The United Nations Development Program (UNDP), the UN agency which is working to eradicate poverty and reduce inequalities through sustainable development in over 170 countries and territories globally says, the Correctional Services in the West African nation of Sierra Leone do not yet “have the capacity to ensure the safety and security of inmates, staff and society. Prison infrastructure is outdated; quarters are overcrowded, lack ventilation and clean sanitary facilities; and medical facilities are substandard, resulting in poor health conditions. In addition,inmates lack sufficient nutritious food and water.”
According to the UNDP, a two year project under its Effective and Inclusive Democratic Governance cluster is aimed at “…implementing its Strategic Plan to improve life in correctional facilities, in accordance with Sierra Leonean law and its international human rights obligations.
In its explanation for undertaking the project, the UNDP says, “All human beings have inalienable rights and these rights must not be compromised – even during the legal deprivation of liberty. Humane prison conditions are a prerequisite of fair criminal justice systems. All pretrial detainees have the right to be considered innocent until proven guilty,and the deprivation of liberty should be the only punishment of sentenced inmates.
Poor detention conditions can be detrimental to inmates’ rehabilitation and reintegration to society. They are also a violation of the United Nations(UN) Standard Minimum Rules for the Treatment of Prisoners.”

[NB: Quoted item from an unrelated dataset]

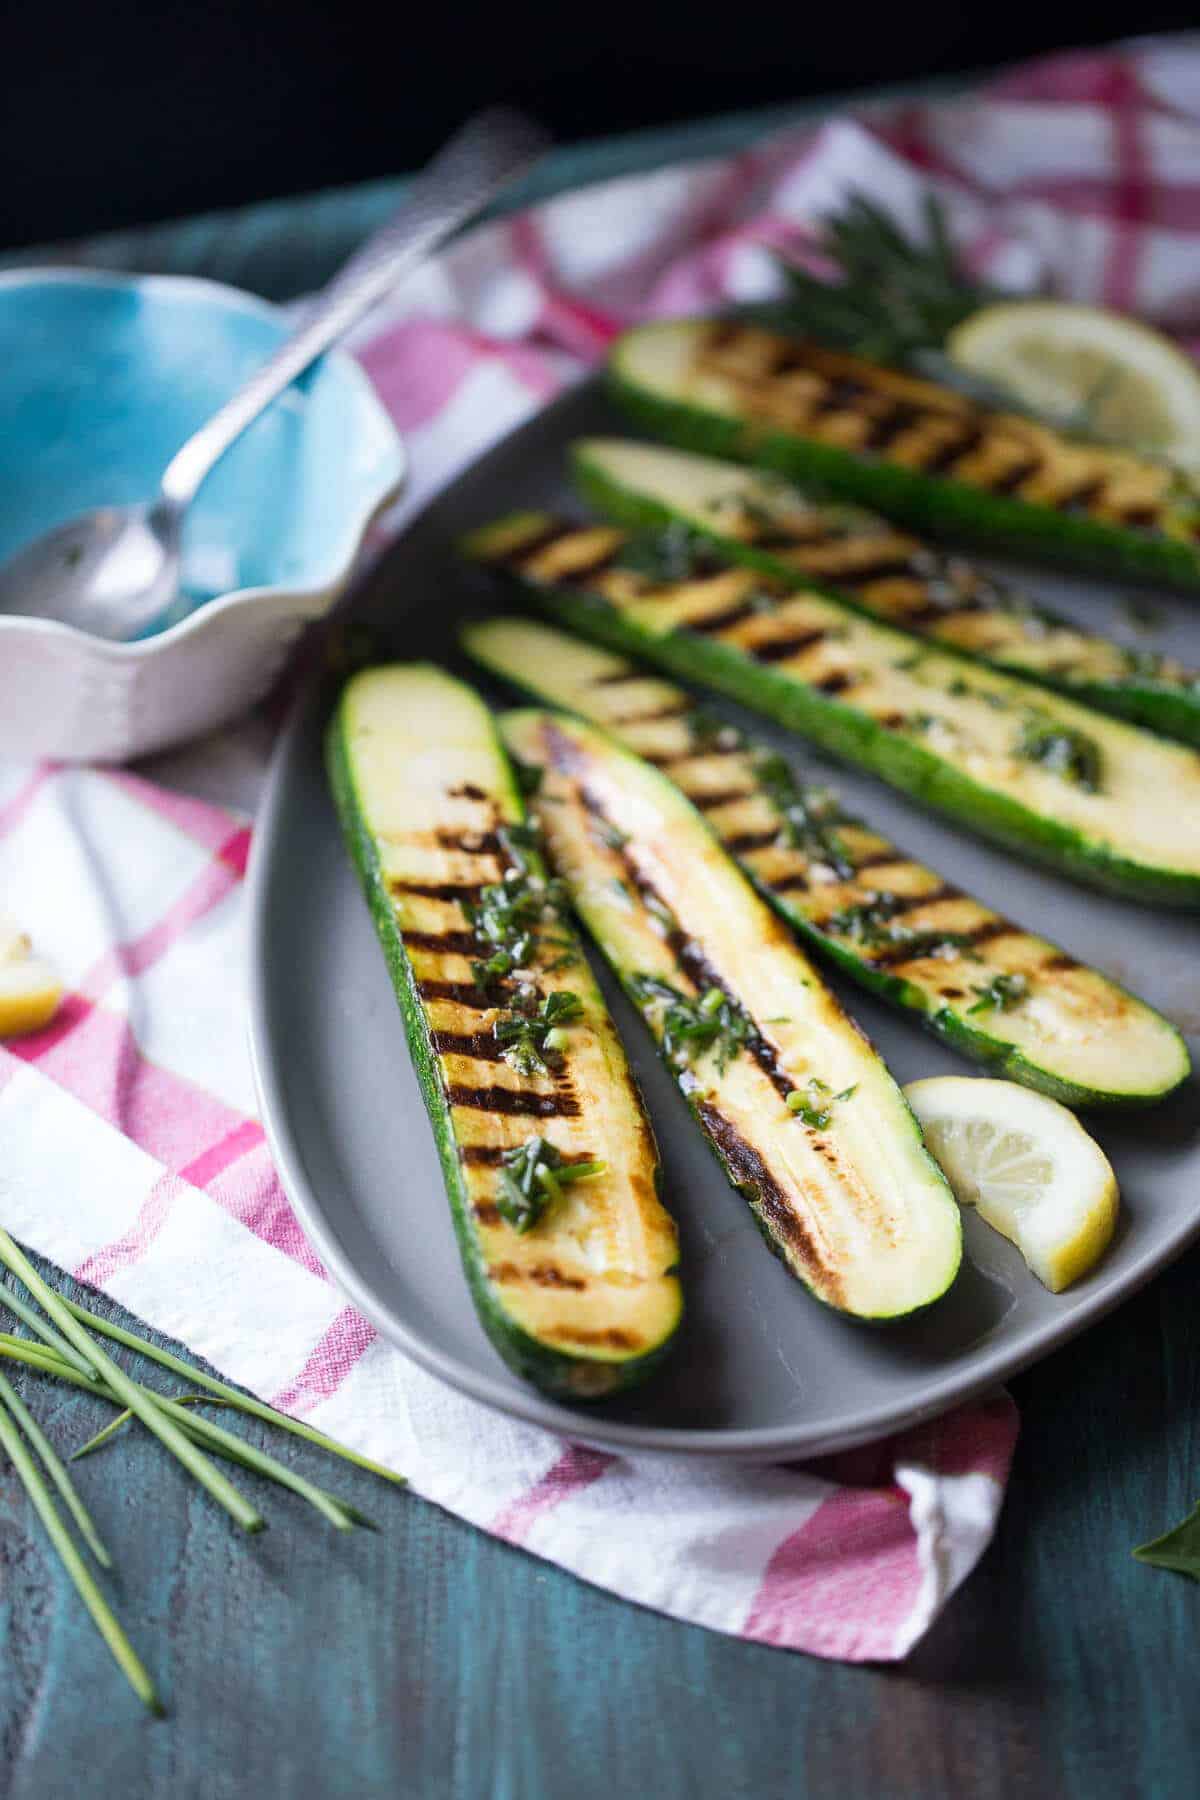 Grilled zucchini slices with herbs

According to the World Prison Brief (WPB), a global data base of prisons systems, Sierra Leone’s prison population, as of November, 2017, was put at 4,179 inmates. Of this number,about 2,112 are in pre-trial detention (50.5%). 32 women remain in pre-trial detention.
The average female population rate, according to WPB, was at 66 in 2006, 79 in 2010 and jumped to its present level of 136 in 2017; female prison population rate per 100,000 of the national population.
The UNP project, under the Sustainable Development Goals (SDG) guides its support for the promotion of the rule of law and ensuring that there is equal access to justice for all and transparency in the country’s judicial system “…actively seeks to reduce the pretrial and remand population in Sierra Leone..”
The United Nations says that it is a violation of its Standard Minimum Rules for the Treatment of Prisoners when detainees are held in poor conditions which contribute to their rehabilitation and re-integration into society.
“All human beings have inalienable rights and these rights must not be compromised – even during the legal deprivation of liberty. Humane prison conditions are a prerequisite of fair criminal justice systems. All pretrial detainees have the right to be considered innocent until proven guilty,and the deprivation of liberty should be the only punishment of sentenced inmates,” the UNDP says.
Human rights audits were held in 3 Correctional facilities in the West African country and 19 personnel including regional heads training on the UN Standard Minimum Rules for the Treatment of Prisoners. Sierra Leone has 4 regional Correctional Services Branches.
In a statement on its website the Director of Sierra Leone Correction Service Superintendent Sanpha Bilo Kamara writes that, “…we will live to execute correctional services; keep offenders[inmates] off the criminal human traffic and then transform them to form part of a health national human resource where they[inmates] will ride and travel towards economic growth leading to national development…”
But prison reforms which were advanced since 2010 continue to lag in full implementation. The country’s prison system is plagued by inadequate transportation, poorly prepared meals and living quarters, congestion, inadequate health care, poorly trained and underpaid prison staff, and often long pre-trial detention for detainees.Conditions fall below international standards.
The $1.5 million dollars projected which is supported with donor funds from the US Government ends in December, 2018.